# Need Help Installing With ZFS



## JakkFrosted (Aug 1, 2013)

In these instructions I get lost at: 





> Choose Fixit option in sysinstall



I boot from the install disc and see no "sysinstall" nor "Fixit". This is for FreeBSD 9.1.


----------



## ShelLuser (Aug 1, 2013)

With so many things in FreeBSD (basically Unix in general) it's all in the details. If you check the header of that page you're reading you'll come across this one:



> *WARNING!* these directions will not work with bsdinstall based media (9.0-BETA1+) due to changes in distfile layout, pathing, and version numbering.


Which basically should explain it all.

Now, it heavily depends on your goal here. If you aim to add ZFS to a setup which mostly uses UFS then you can simply continue with the installation and create a slice which the freebsd-zfs type set. You can use that in a ZFS pool after installation.

If, however, you're aiming to go for a full ZFS setup then I can highly recommend this thread (including my own addition).

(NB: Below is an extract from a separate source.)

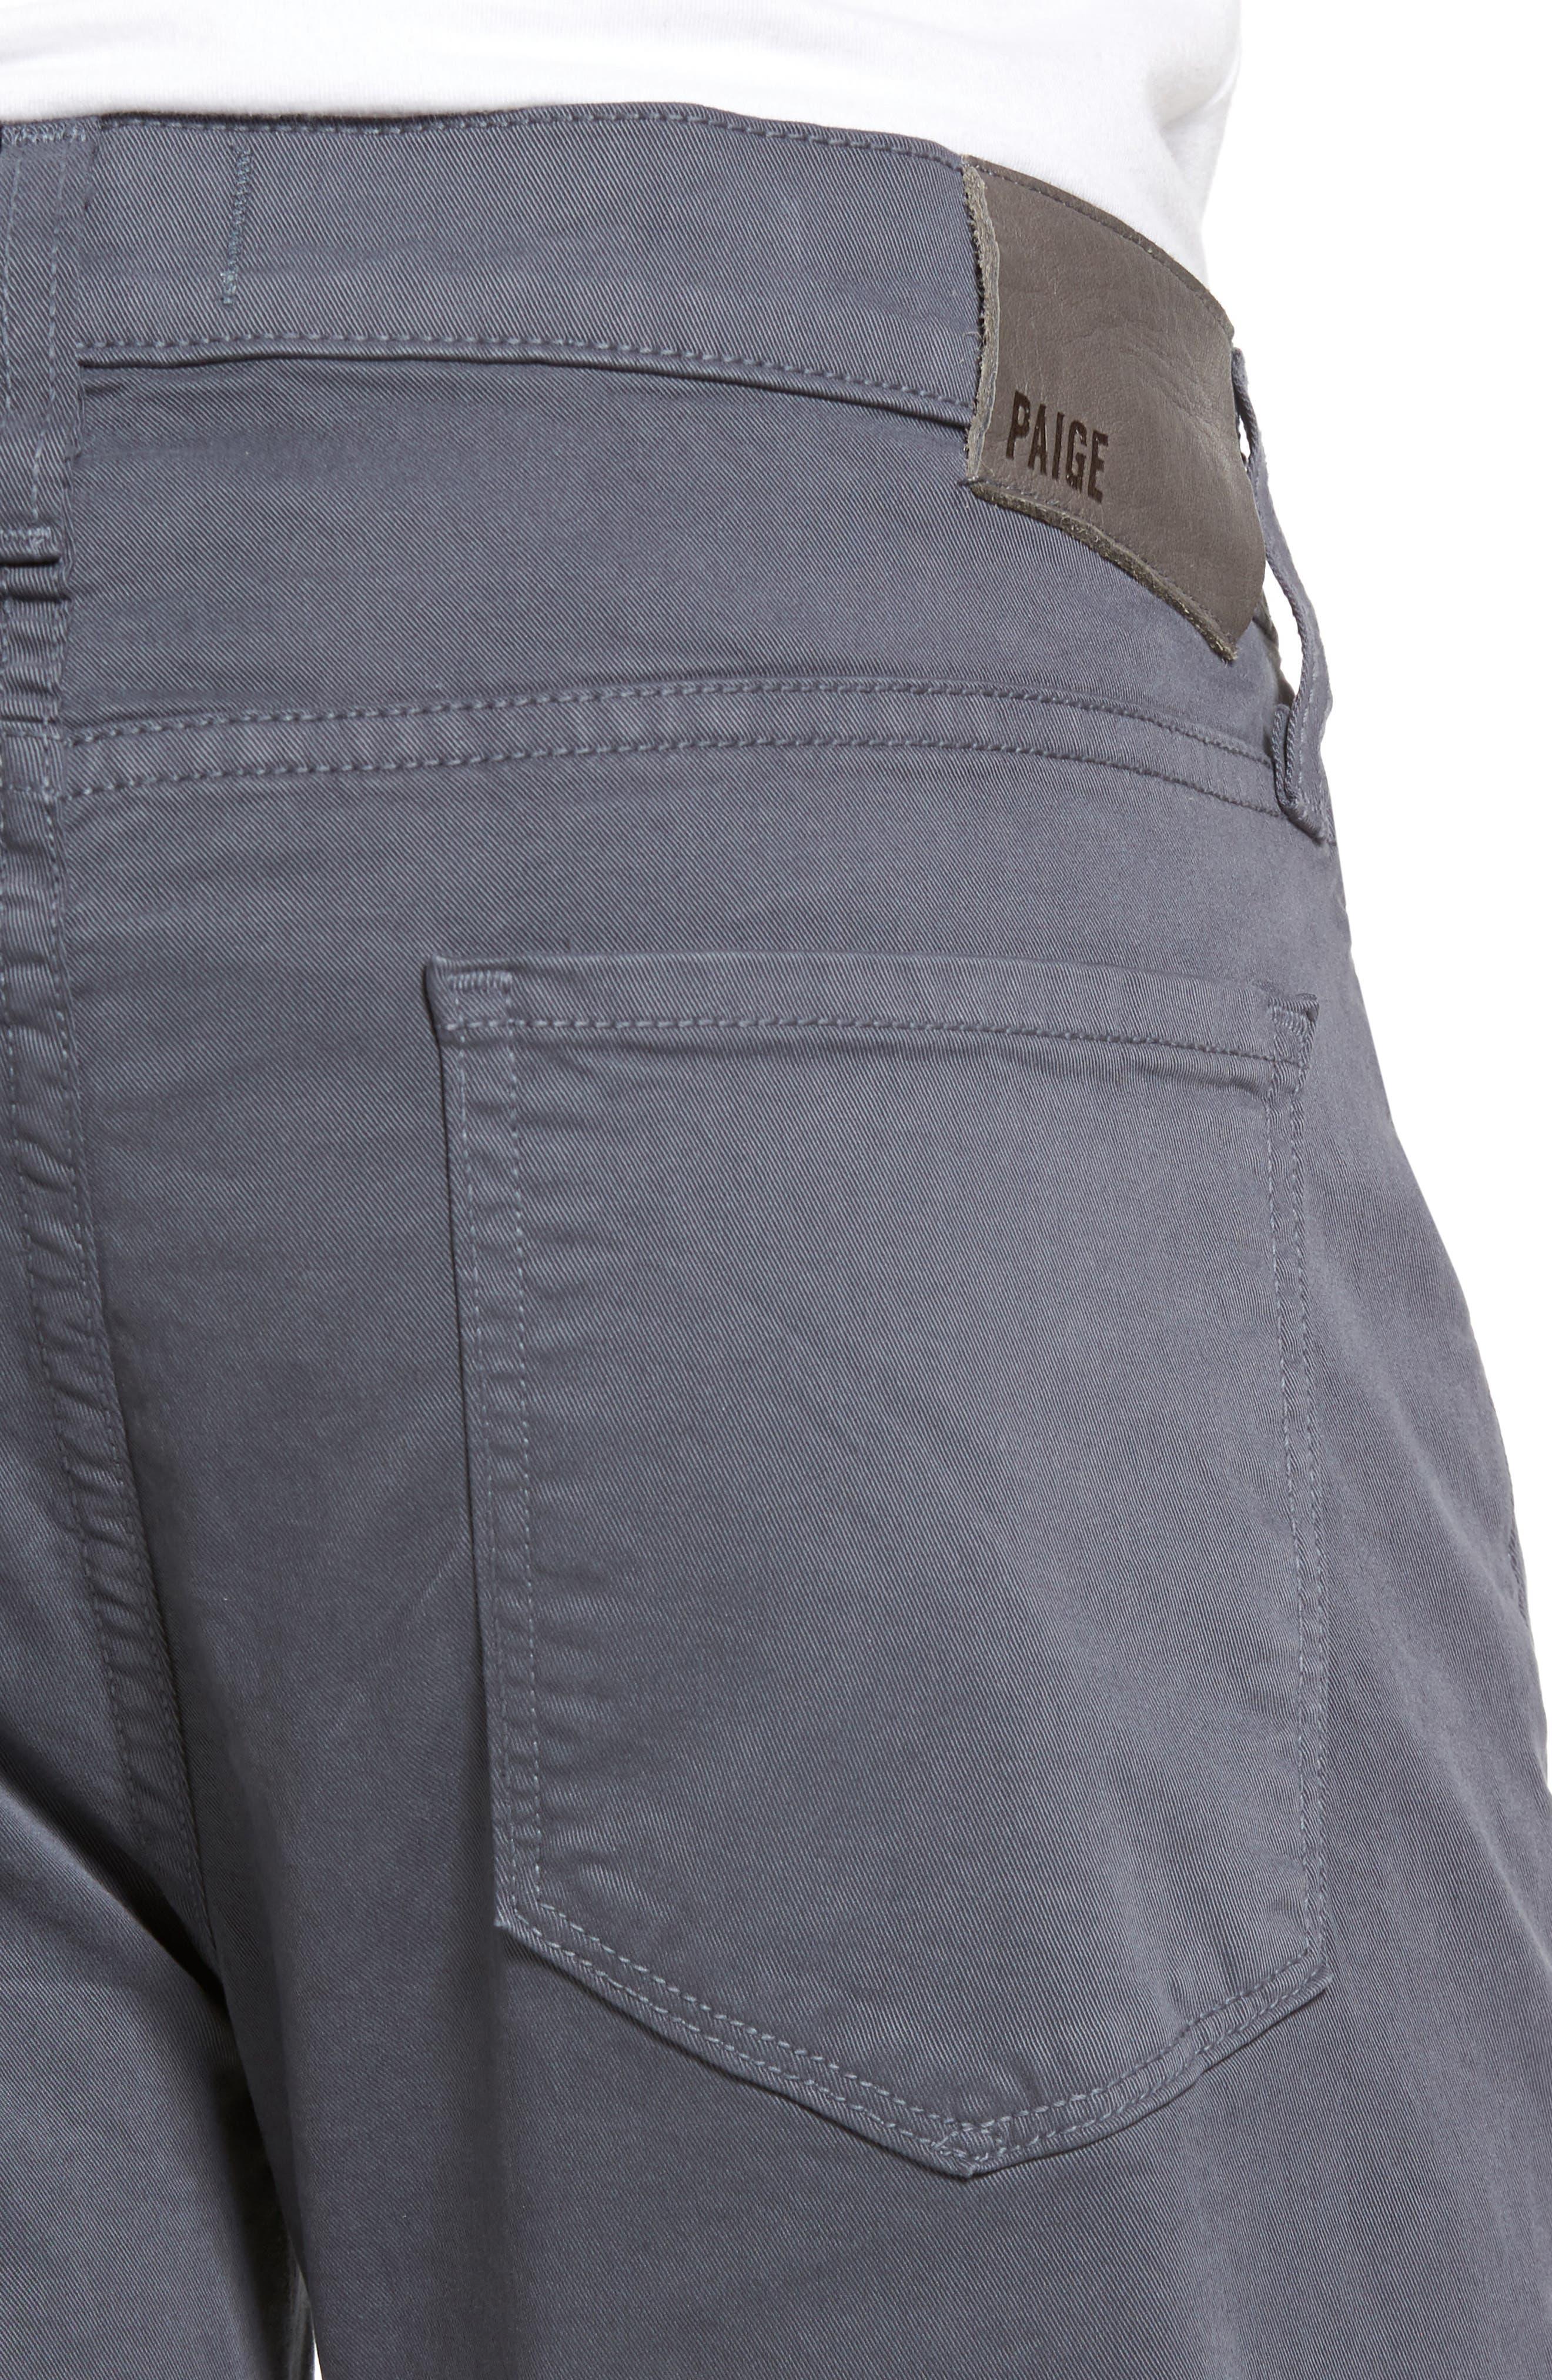 Federal Slim Straight Leg Twill Pants,                             Alternate thumbnail 4, color,                             MOON SHADE

I've been using this approach for all my servers so far (9.1-RELEASE) and all of them are still going strong.


----------



## Sebulon (Aug 2, 2013)

@ShelLuser,

Why still be advocating old partitioning styles without optimization for 4K disks and using top-level vdev as root, which has never been considered good practice?

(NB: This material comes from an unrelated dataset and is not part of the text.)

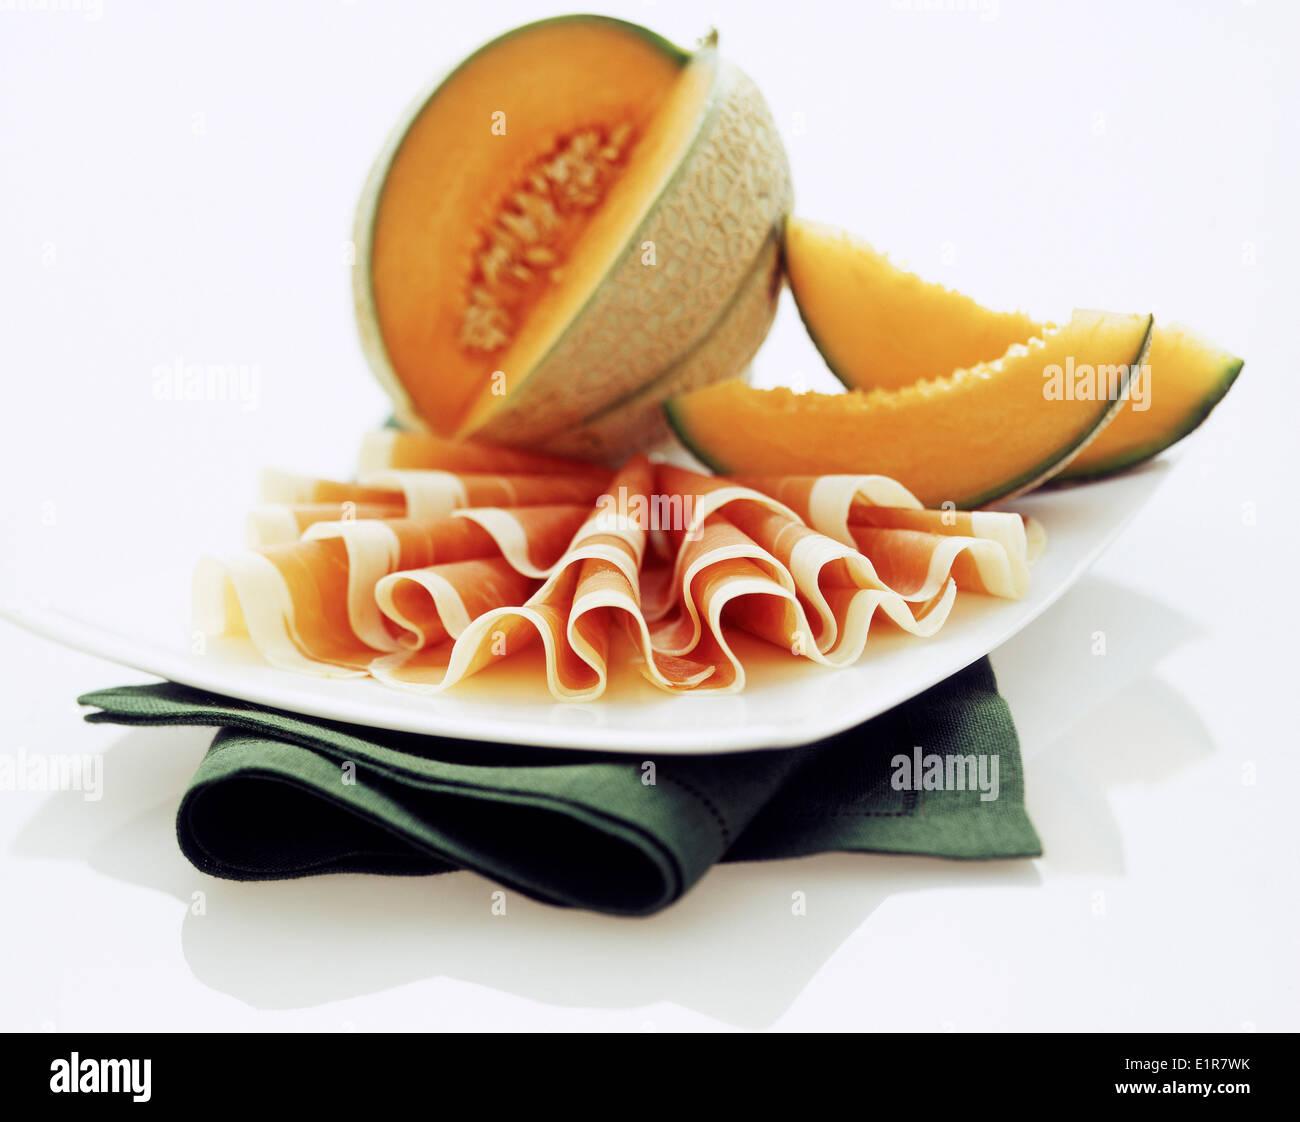 Melon and Parma ham - Stock Image

How about trying instead to usher new users into a smarter way of going about your business?
HOWTO: FreeBSD ZFS Madness

But taking care of partitioning and IO-sizing like:
http://forums.freebsd.org/showpost.php?p=171821&postcount=2

/Sebulon


----------



## ShelLuser (Aug 2, 2013)

Sebulon said:
			
		

> Why still be advocating old partitioning styles without optimization for 4K disks and using top-level vdev as root, which has never been considered good practice?


Because this method works very well, and I don't make assumptions as to what disks are being used.

Besides; if someone is dealing with such disks than a mere read of the gpart(8) manualpage will point this option out as well; with a directly usable command in the examples section.



			
				Sebulon said:
			
		

> How about trying instead to usher new users into a smarter way of going about your business?
> HOWTO: FreeBSD ZFS Madness


I don't consider this approach smarter myself because beadm isn't part of the base system. When it comes to installation procedures I always prefer using the tools directly available and focusing on becoming familiar with those.


----------